(SOURCE DATA)
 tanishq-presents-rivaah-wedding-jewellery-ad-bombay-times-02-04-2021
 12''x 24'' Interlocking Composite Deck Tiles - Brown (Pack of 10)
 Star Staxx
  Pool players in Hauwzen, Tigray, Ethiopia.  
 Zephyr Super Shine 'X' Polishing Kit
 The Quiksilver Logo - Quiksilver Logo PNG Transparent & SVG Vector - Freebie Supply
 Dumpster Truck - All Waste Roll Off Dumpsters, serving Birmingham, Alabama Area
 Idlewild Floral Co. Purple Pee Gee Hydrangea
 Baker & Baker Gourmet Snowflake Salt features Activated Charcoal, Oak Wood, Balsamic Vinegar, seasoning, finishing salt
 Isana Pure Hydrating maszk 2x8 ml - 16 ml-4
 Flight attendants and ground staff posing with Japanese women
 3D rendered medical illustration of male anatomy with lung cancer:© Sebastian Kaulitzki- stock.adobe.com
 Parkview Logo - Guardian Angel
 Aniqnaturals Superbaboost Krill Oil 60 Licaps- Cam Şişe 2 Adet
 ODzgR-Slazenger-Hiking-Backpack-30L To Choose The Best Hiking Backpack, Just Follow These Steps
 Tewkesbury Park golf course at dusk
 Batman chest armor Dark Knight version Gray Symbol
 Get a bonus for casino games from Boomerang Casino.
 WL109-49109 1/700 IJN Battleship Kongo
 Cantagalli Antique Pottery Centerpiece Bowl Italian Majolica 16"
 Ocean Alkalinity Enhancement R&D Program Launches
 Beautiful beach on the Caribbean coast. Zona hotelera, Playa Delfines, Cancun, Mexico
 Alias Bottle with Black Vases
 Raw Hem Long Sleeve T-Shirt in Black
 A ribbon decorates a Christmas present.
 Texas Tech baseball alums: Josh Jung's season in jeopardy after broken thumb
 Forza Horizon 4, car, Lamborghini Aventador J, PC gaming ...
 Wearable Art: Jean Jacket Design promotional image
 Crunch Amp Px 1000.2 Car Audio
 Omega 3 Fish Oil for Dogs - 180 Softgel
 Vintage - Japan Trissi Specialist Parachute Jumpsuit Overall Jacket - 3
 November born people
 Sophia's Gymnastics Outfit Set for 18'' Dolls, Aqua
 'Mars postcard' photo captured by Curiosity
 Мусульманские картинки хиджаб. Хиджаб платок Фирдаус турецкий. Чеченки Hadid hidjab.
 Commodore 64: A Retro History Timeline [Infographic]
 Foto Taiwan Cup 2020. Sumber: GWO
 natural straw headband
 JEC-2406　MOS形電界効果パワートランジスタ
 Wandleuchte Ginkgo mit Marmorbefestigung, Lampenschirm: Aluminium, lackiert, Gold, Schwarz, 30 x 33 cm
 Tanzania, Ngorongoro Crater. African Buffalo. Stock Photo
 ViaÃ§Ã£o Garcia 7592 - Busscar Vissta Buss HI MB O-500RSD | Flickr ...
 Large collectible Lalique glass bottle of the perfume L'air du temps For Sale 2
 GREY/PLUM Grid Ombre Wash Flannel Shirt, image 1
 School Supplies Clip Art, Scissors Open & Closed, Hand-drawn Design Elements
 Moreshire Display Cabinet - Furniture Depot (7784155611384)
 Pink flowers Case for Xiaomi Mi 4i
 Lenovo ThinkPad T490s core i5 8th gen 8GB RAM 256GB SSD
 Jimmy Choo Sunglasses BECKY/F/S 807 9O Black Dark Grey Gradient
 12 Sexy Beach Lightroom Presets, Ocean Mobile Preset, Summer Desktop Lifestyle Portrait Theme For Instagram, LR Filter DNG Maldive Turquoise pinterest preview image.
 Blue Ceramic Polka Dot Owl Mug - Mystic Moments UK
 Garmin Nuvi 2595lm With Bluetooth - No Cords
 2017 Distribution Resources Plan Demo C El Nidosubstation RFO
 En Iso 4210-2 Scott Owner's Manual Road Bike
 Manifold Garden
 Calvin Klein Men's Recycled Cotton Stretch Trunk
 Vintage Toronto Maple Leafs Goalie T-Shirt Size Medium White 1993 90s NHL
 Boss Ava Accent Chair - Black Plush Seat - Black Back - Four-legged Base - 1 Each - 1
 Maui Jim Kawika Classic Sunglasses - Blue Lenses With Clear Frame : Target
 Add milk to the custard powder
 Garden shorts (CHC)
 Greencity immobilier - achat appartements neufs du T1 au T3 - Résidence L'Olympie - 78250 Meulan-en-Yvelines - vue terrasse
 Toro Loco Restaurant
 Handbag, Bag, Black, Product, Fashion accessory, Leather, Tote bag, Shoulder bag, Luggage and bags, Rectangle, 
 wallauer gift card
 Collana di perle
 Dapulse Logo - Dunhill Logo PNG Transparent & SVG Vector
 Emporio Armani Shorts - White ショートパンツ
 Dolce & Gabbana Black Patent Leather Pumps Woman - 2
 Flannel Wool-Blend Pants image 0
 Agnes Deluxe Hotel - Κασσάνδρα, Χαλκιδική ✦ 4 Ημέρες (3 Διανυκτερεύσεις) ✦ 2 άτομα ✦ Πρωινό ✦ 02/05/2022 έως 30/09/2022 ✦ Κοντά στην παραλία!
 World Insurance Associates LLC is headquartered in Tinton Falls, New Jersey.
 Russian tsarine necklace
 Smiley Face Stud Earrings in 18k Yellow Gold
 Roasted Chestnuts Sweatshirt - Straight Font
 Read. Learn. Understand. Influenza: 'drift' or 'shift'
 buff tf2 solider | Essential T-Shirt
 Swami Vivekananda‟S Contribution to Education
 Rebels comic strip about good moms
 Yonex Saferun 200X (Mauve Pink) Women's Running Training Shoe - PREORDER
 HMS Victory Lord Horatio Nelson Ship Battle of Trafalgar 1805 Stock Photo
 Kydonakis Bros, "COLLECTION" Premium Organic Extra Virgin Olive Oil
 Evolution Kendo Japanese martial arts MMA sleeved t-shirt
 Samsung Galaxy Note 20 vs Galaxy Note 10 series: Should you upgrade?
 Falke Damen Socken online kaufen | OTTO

(EXERCISE DETAILS)
Print all of the entries exactly as they appear.

(OUTPUT OF THE TASK)
 tanishq-presents-rivaah-wedding-jewellery-ad-bombay-times-02-04-2021
 12''x 24'' Interlocking Composite Deck Tiles - Brown (Pack of 10)
 Star Staxx
  Pool players in Hauwzen, Tigray, Ethiopia.  
 Zephyr Super Shine 'X' Polishing Kit
 The Quiksilver Logo - Quiksilver Logo PNG Transparent & SVG Vector - Freebie Supply
 Dumpster Truck - All Waste Roll Off Dumpsters, serving Birmingham, Alabama Area
 Idlewild Floral Co. Purple Pee Gee Hydrangea
 Baker & Baker Gourmet Snowflake Salt features Activated Charcoal, Oak Wood, Balsamic Vinegar, seasoning, finishing salt
 Isana Pure Hydrating maszk 2x8 ml - 16 ml-4
 Flight attendants and ground staff posing with Japanese women
 3D rendered medical illustration of male anatomy with lung cancer:© Sebastian Kaulitzki- stock.adobe.com
 Parkview Logo - Guardian Angel
 Aniqnaturals Superbaboost Krill Oil 60 Licaps- Cam Şişe 2 Adet
 ODzgR-Slazenger-Hiking-Backpack-30L To Choose The Best Hiking Backpack, Just Follow These Steps
 Tewkesbury Park golf course at dusk
 Batman chest armor Dark Knight version Gray Symbol
 Get a bonus for casino games from Boomerang Casino.
 WL109-49109 1/700 IJN Battleship Kongo
 Cantagalli Antique Pottery Centerpiece Bowl Italian Majolica 16"
 Ocean Alkalinity Enhancement R&D Program Launches
 Beautiful beach on the Caribbean coast. Zona hotelera, Playa Delfines, Cancun, Mexico
 Alias Bottle with Black Vases
 Raw Hem Long Sleeve T-Shirt in Black
 A ribbon decorates a Christmas present.
 Texas Tech baseball alums: Josh Jung's season in jeopardy after broken thumb
 Forza Horizon 4, car, Lamborghini Aventador J, PC gaming ...
 Wearable Art: Jean Jacket Design promotional image
 Crunch Amp Px 1000.2 Car Audio
 Omega 3 Fish Oil for Dogs - 180 Softgel
 Vintage - Japan Trissi Specialist Parachute Jumpsuit Overall Jacket - 3
 November born people
 Sophia's Gymnastics Outfit Set for 18'' Dolls, Aqua
 'Mars postcard' photo captured by Curiosity
 Мусульманские картинки хиджаб. Хиджаб платок Фирдаус турецкий. Чеченки Hadid hidjab.
 Commodore 64: A Retro History Timeline [Infographic]
 Foto Taiwan Cup 2020. Sumber: GWO
 natural straw headband
 JEC-2406　MOS形電界効果パワートランジスタ
 Wandleuchte Ginkgo mit Marmorbefestigung, Lampenschirm: Aluminium, lackiert, Gold, Schwarz, 30 x 33 cm
 Tanzania, Ngorongoro Crater. African Buffalo. Stock Photo
 ViaÃ§Ã£o Garcia 7592 - Busscar Vissta Buss HI MB O-500RSD | Flickr ...
 Large collectible Lalique glass bottle of the perfume L'air du temps For Sale 2
 GREY/PLUM Grid Ombre Wash Flannel Shirt, image 1
 School Supplies Clip Art, Scissors Open & Closed, Hand-drawn Design Elements
 Moreshire Display Cabinet - Furniture Depot (7784155611384)
 Pink flowers Case for Xiaomi Mi 4i
 Lenovo ThinkPad T490s core i5 8th gen 8GB RAM 256GB SSD
 Jimmy Choo Sunglasses BECKY/F/S 807 9O Black Dark Grey Gradient
 12 Sexy Beach Lightroom Presets, Ocean Mobile Preset, Summer Desktop Lifestyle Portrait Theme For Instagram, LR Filter DNG Maldive Turquoise pinterest preview image.
 Blue Ceramic Polka Dot Owl Mug - Mystic Moments UK
 Garmin Nuvi 2595lm With Bluetooth - No Cords
 2017 Distribution Resources Plan Demo C El Nidosubstation RFO
 En Iso 4210-2 Scott Owner's Manual Road Bike
 Manifold Garden
 Calvin Klein Men's Recycled Cotton Stretch Trunk
 Vintage Toronto Maple Leafs Goalie T-Shirt Size Medium White 1993 90s NHL
 Boss Ava Accent Chair - Black Plush Seat - Black Back - Four-legged Base - 1 Each - 1
 Maui Jim Kawika Classic Sunglasses - Blue Lenses With Clear Frame : Target
 Add milk to the custard powder
 Garden shorts (CHC)
 Greencity immobilier - achat appartements neufs du T1 au T3 - Résidence L'Olympie - 78250 Meulan-en-Yvelines - vue terrasse
 Toro Loco Restaurant
 Handbag, Bag, Black, Product, Fashion accessory, Leather, Tote bag, Shoulder bag, Luggage and bags, Rectangle, 
 wallauer gift card
 Collana di perle
 Dapulse Logo - Dunhill Logo PNG Transparent & SVG Vector
 Emporio Armani Shorts - White ショートパンツ
 Dolce & Gabbana Black Patent Leather Pumps Woman - 2
 Flannel Wool-Blend Pants image 0
 Agnes Deluxe Hotel - Κασσάνδρα, Χαλκιδική ✦ 4 Ημέρες (3 Διανυκτερεύσεις) ✦ 2 άτομα ✦ Πρωινό ✦ 02/05/2022 έως 30/09/2022 ✦ Κοντά στην παραλία!
 World Insurance Associates LLC is headquartered in Tinton Falls, New Jersey.
 Russian tsarine necklace
 Smiley Face Stud Earrings in 18k Yellow Gold
 Roasted Chestnuts Sweatshirt - Straight Font
 Read. Learn. Understand. Influenza: 'drift' or 'shift'
 buff tf2 solider | Essential T-Shirt
 Swami Vivekananda‟S Contribution to Education
 Rebels comic strip about good moms
 Yonex Saferun 200X (Mauve Pink) Women's Running Training Shoe - PREORDER
 HMS Victory Lord Horatio Nelson Ship Battle of Trafalgar 1805 Stock Photo
 Kydonakis Bros, "COLLECTION" Premium Organic Extra Virgin Olive Oil
 Evolution Kendo Japanese martial arts MMA sleeved t-shirt
 Samsung Galaxy Note 20 vs Galaxy Note 10 series: Should you upgrade?
 Falke Damen Socken online kaufen | OTTO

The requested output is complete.